Some PHP string functions (like strtoupper, etc) are locale dependent. But it is still not clear whether locale is important when I do really know that particular string is made of ASCII (0-127) characters only. Can I be guaranteed that
strtoupper('abc..xyz') will always return
ABC..XYZ independently of locale. Do PHP string functions work the same in ASCII range independently of locale?
While the answer about
strtoupper is important to me, the question is more general about all string functions library.
I want to be sure that user selected locale (on a multi-language site) will not break my core functionality which has nothing to do with internationalization.
Do PHP string functions work the same in ASCII range independent from locale?
No, I’m afraid not. The primary counterexample is the dreaded Turkish dotted-I:
setlocale(LC_CTYPE, "tr_TR"); echo strtoupper('hi!'); -> 'H\xDD!' ('Hİ!' in ISO-8859-9)
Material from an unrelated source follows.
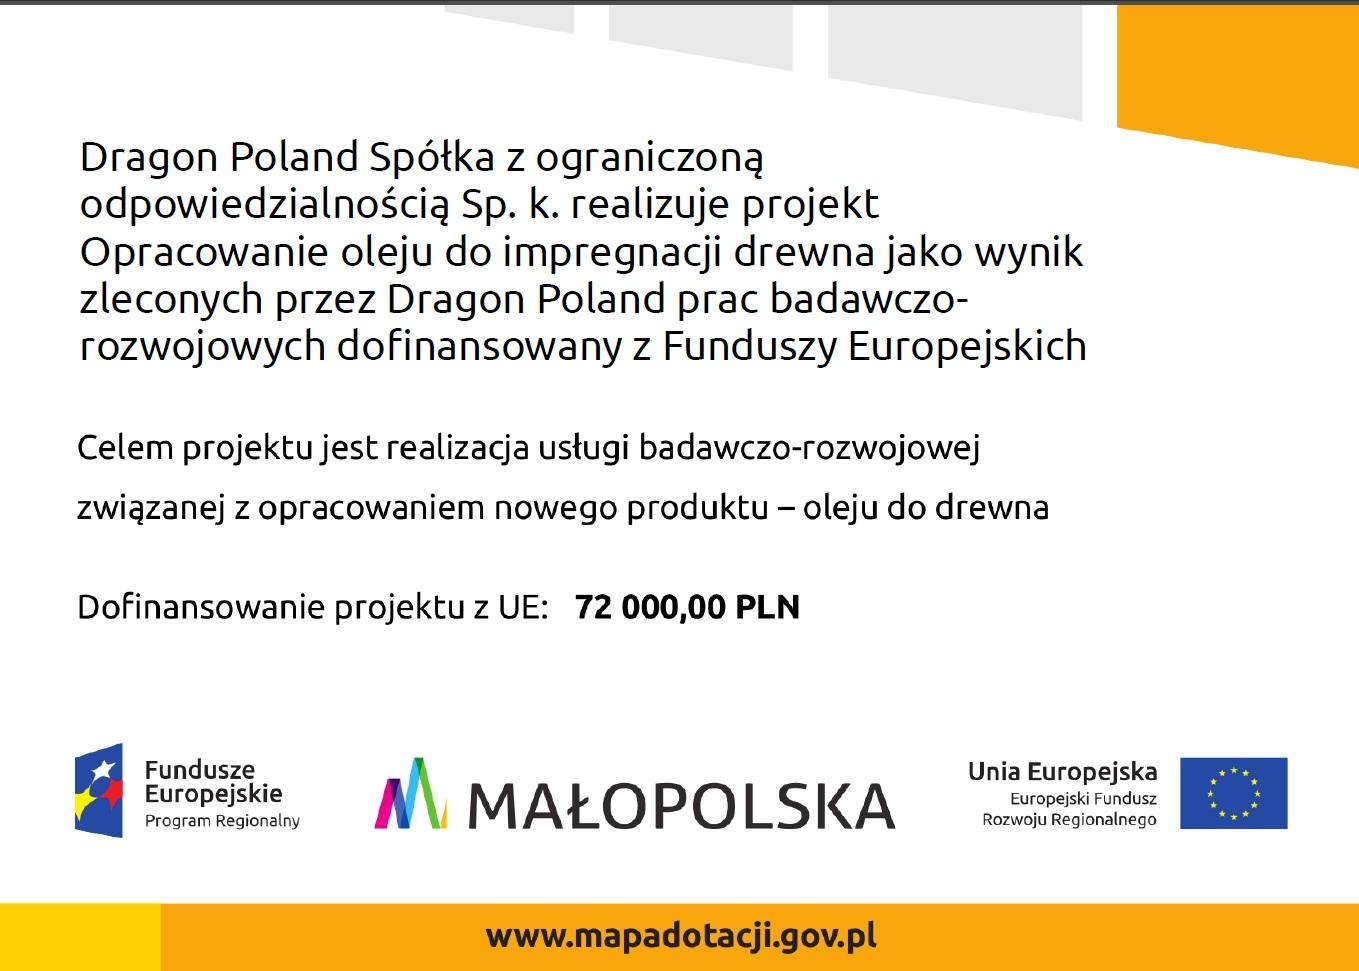 Realizacja projektu: Opracowanie oleju do impregnacji drewna jako wynik zleconych przez Dragon Poland prac badawczo-rozwojowych.

In the worst case you may have to provide your own locale-independent string handling. Calling
setlocale to revert to
C or some other locale is kind-of a fix, but the POSIX process-level locale model is a really bad fit for modern client/server apps.
PHP string functions treat one byte as one character. In the ASCII range
0-127 that is fine.
To safely handle multiple languages using UTF-8, use
mb_*() functions, a UTF-8 library or wait til 2030 when PHP6 is released.